COLLECTED MATERIAL Block Start

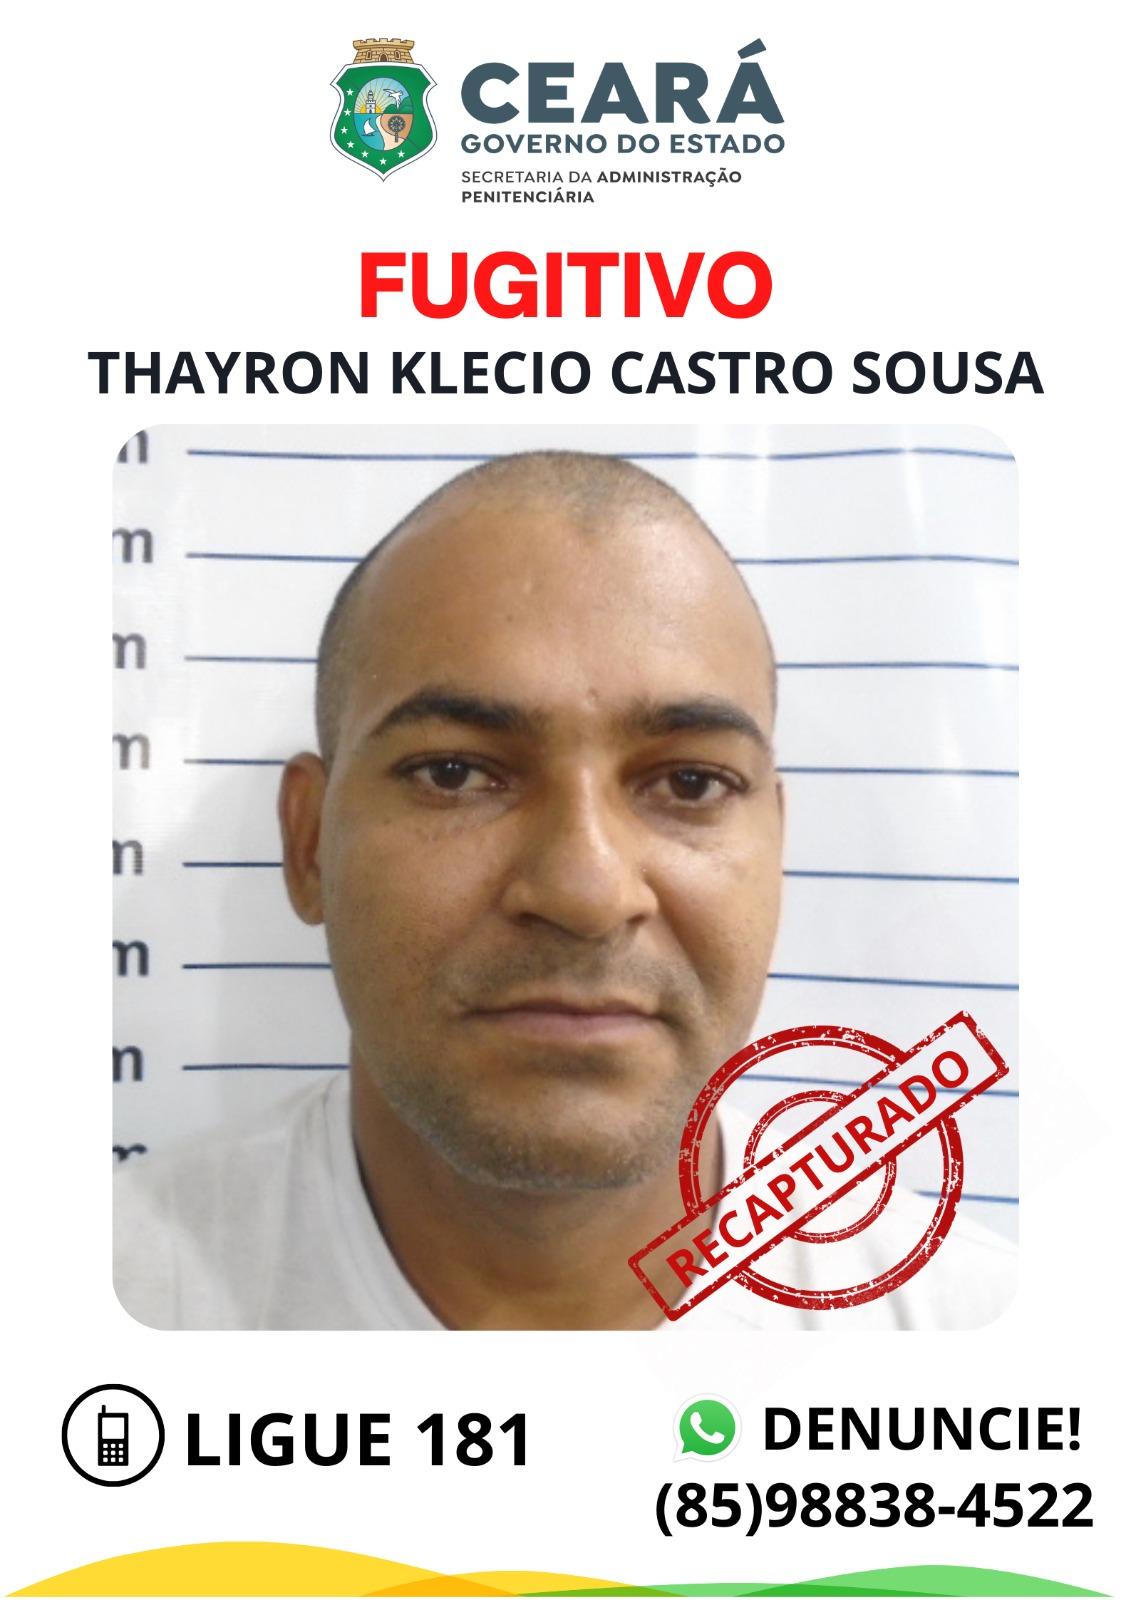 Thayron Klecio Castro Sousa foi recapturado após ser baleado em Fortaleza
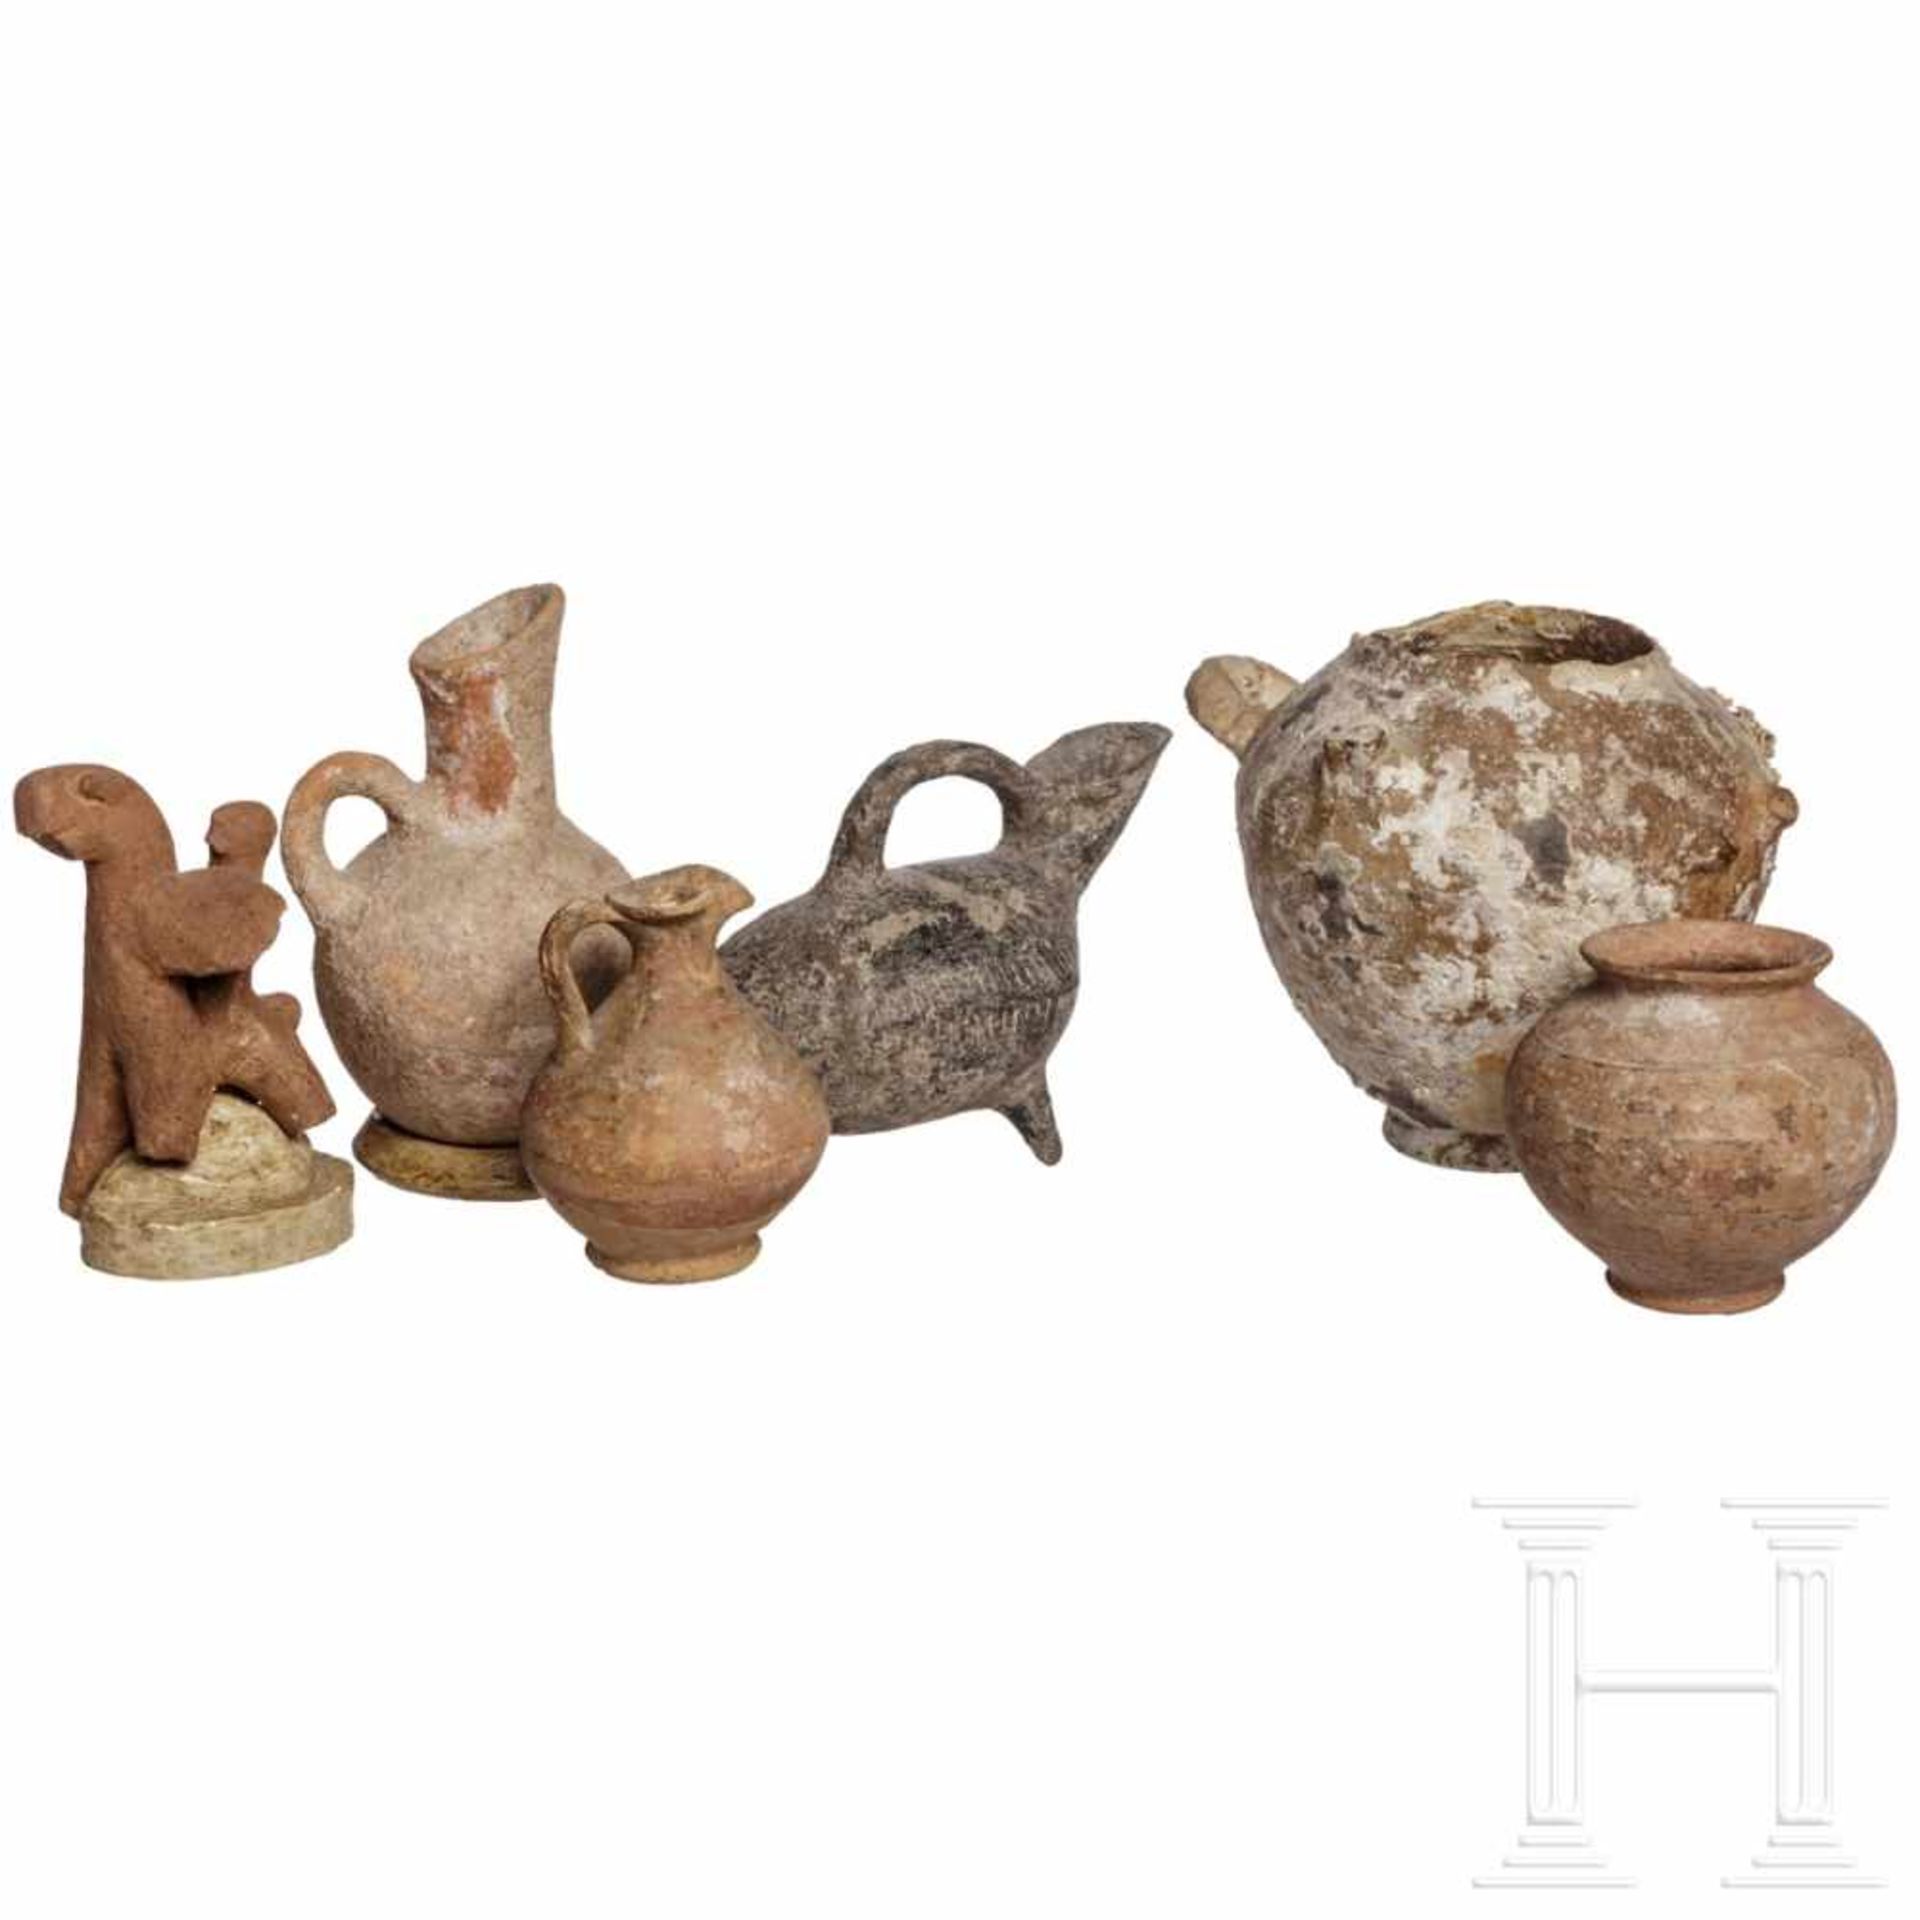 Hethitische Keramikgruppe, Anatolien, 2. Jtsd. v. Chr.
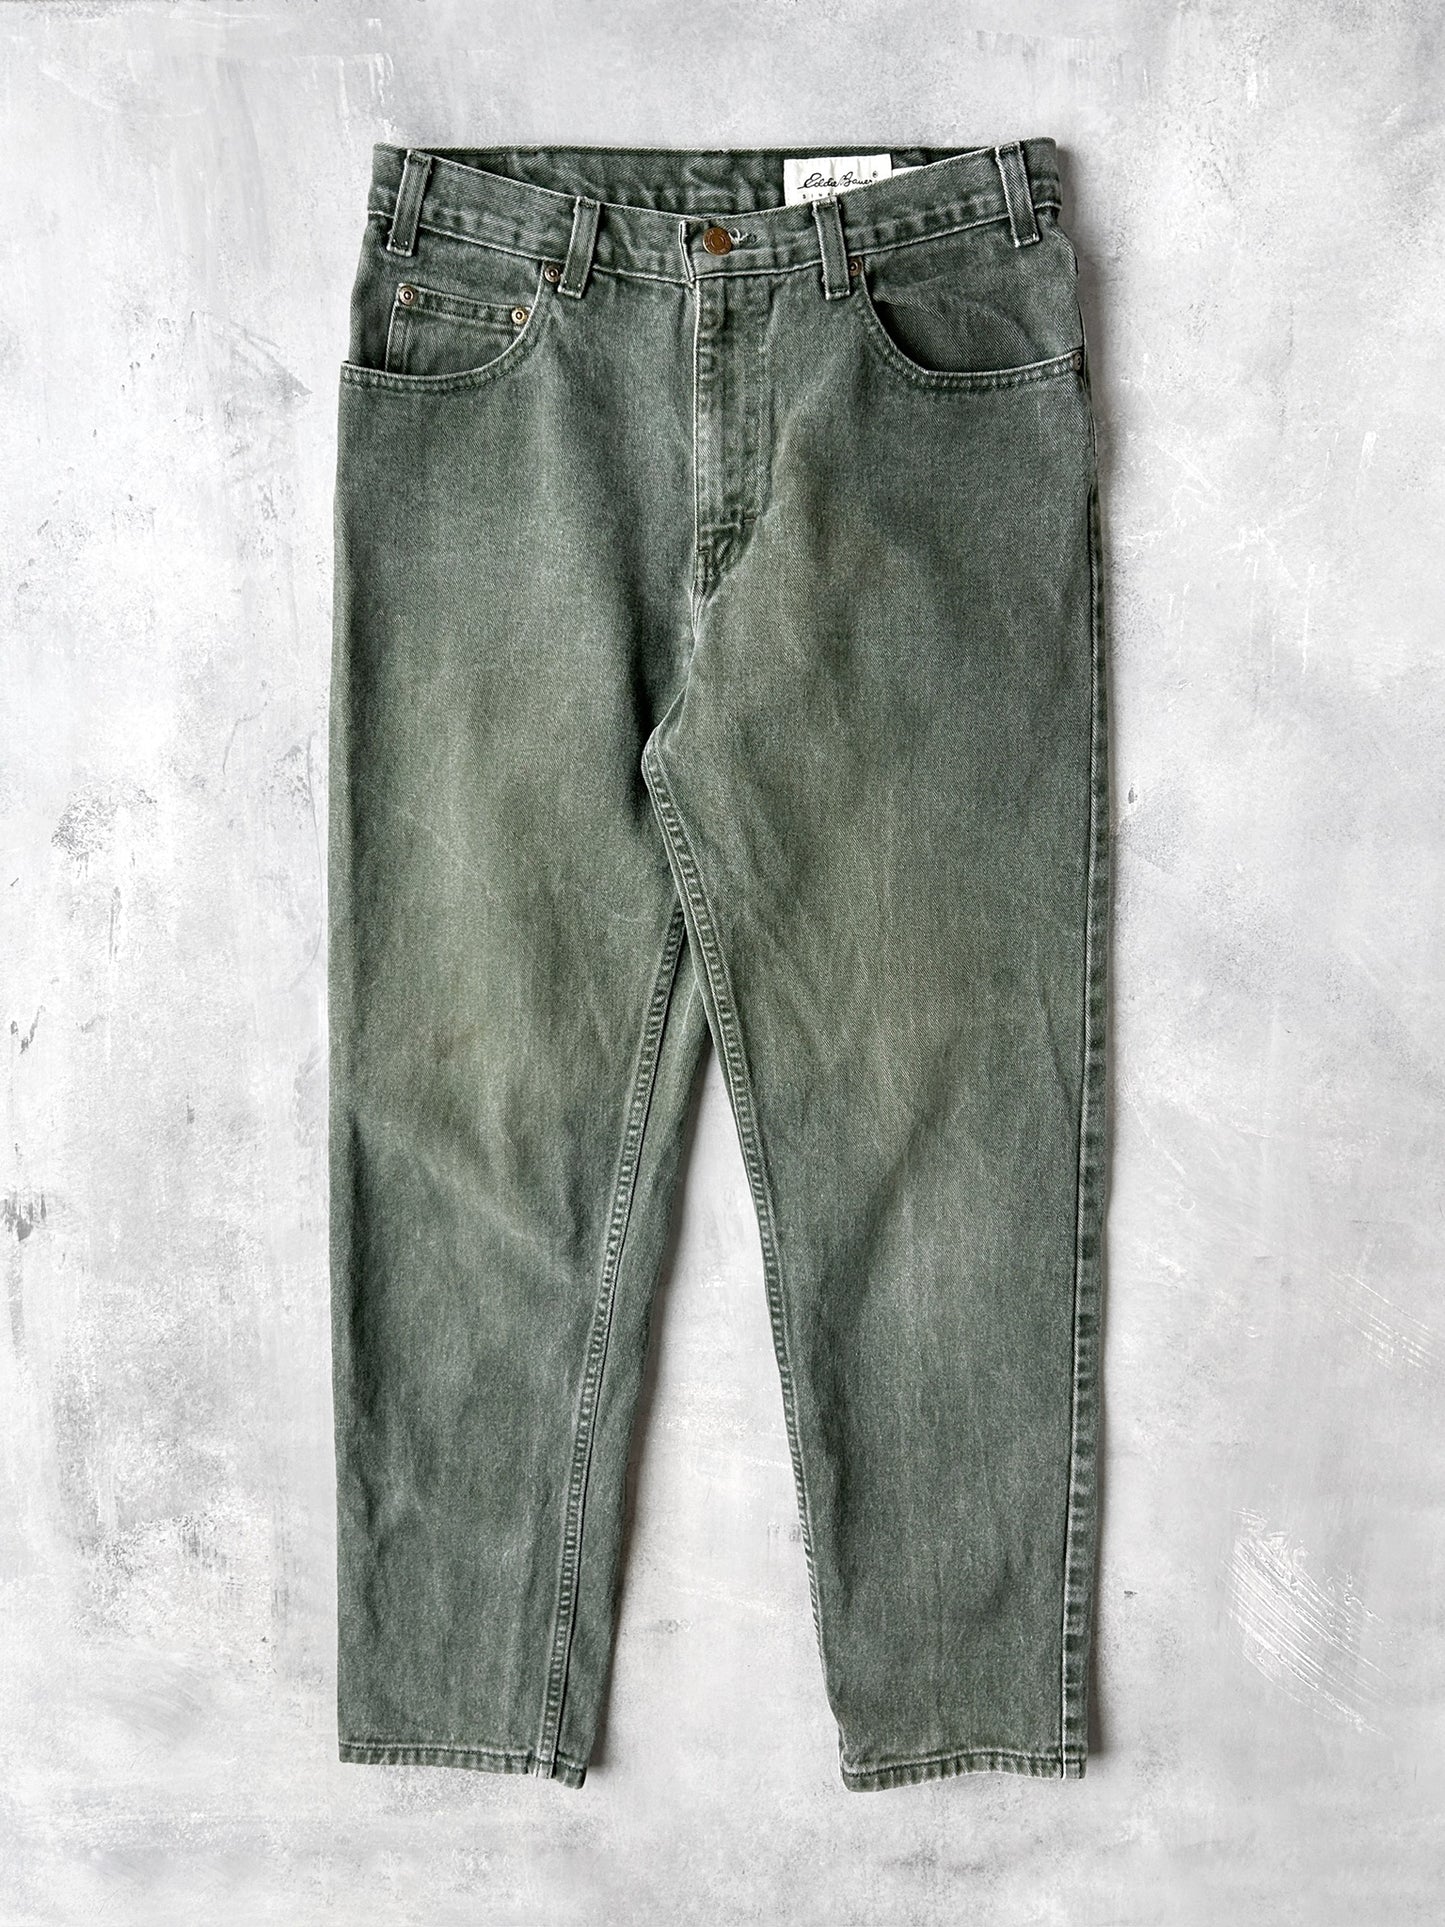 Eddie Bauer Green Jeans 00's - 30x30
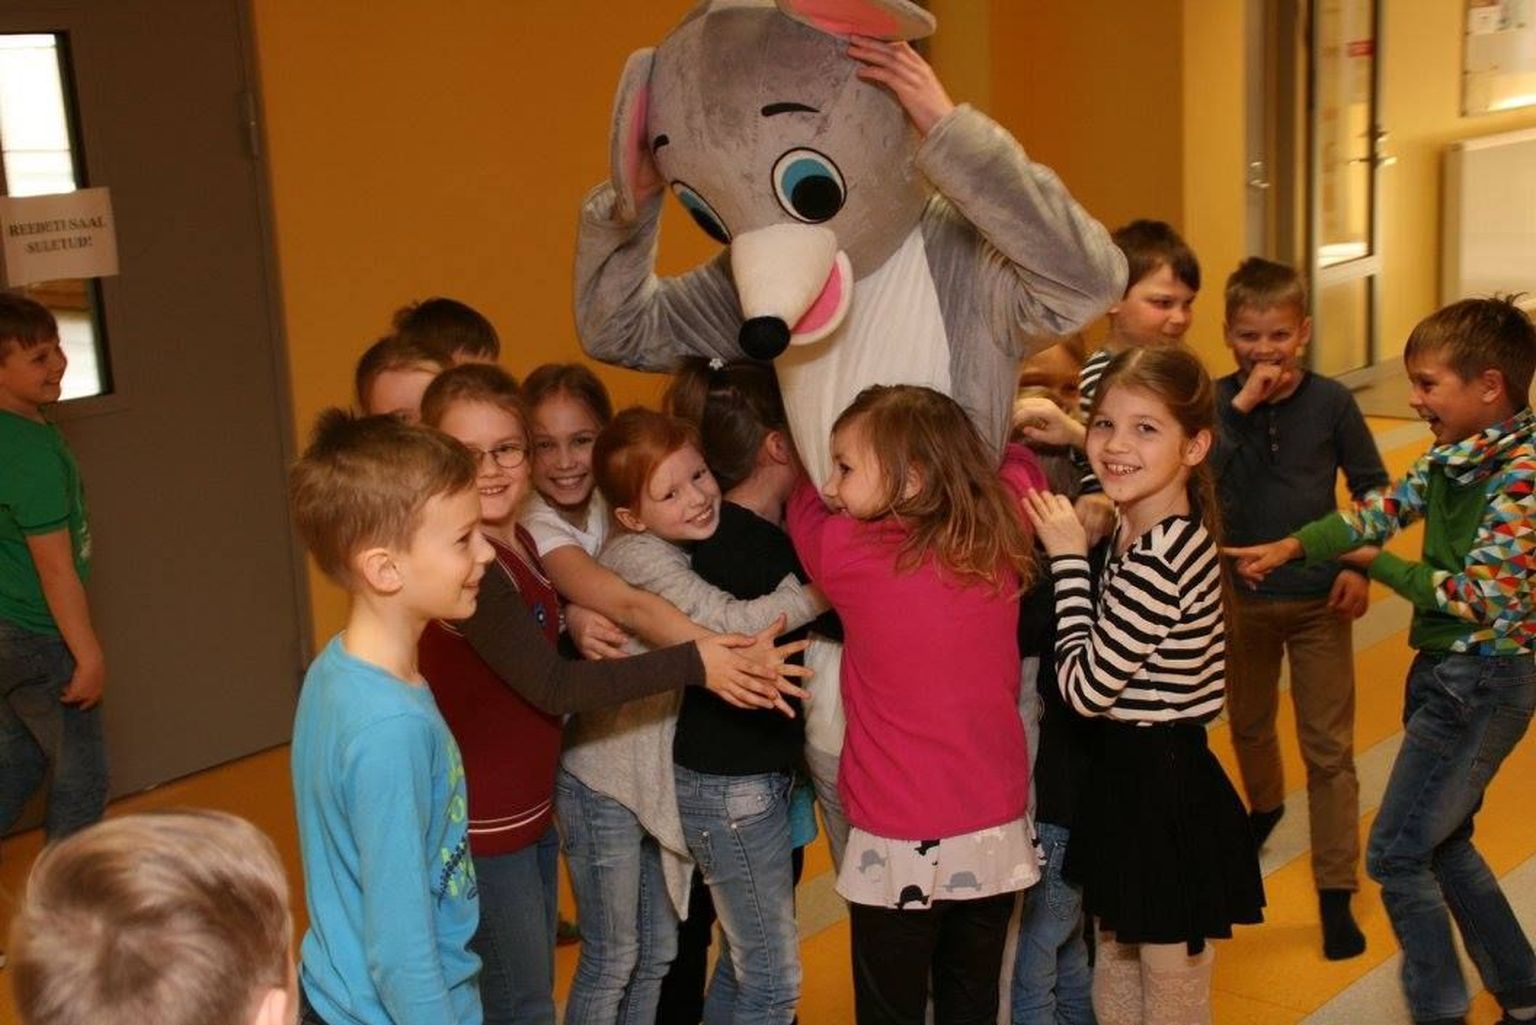 Eesti 4H maskott hiir Hubert oli Paikuse koolis.

COLLECTED MATERIAL Block End

** EXERCISE **
A word-for-word repeat is expected of the lines from the one with "Hethitische Keramikgruppe, Anatolien, 2." to the end of the data, both included; pictures are not part of it.

** ANSWER AREA **
 Hethitische Keramikgruppe, Anatolien, 2. Jtsd. v. Chr.
 Eddie Bauer Green Jeans 00's - 30x30
 Eesti 4H maskott hiir Hubert oli Paikuse koolis.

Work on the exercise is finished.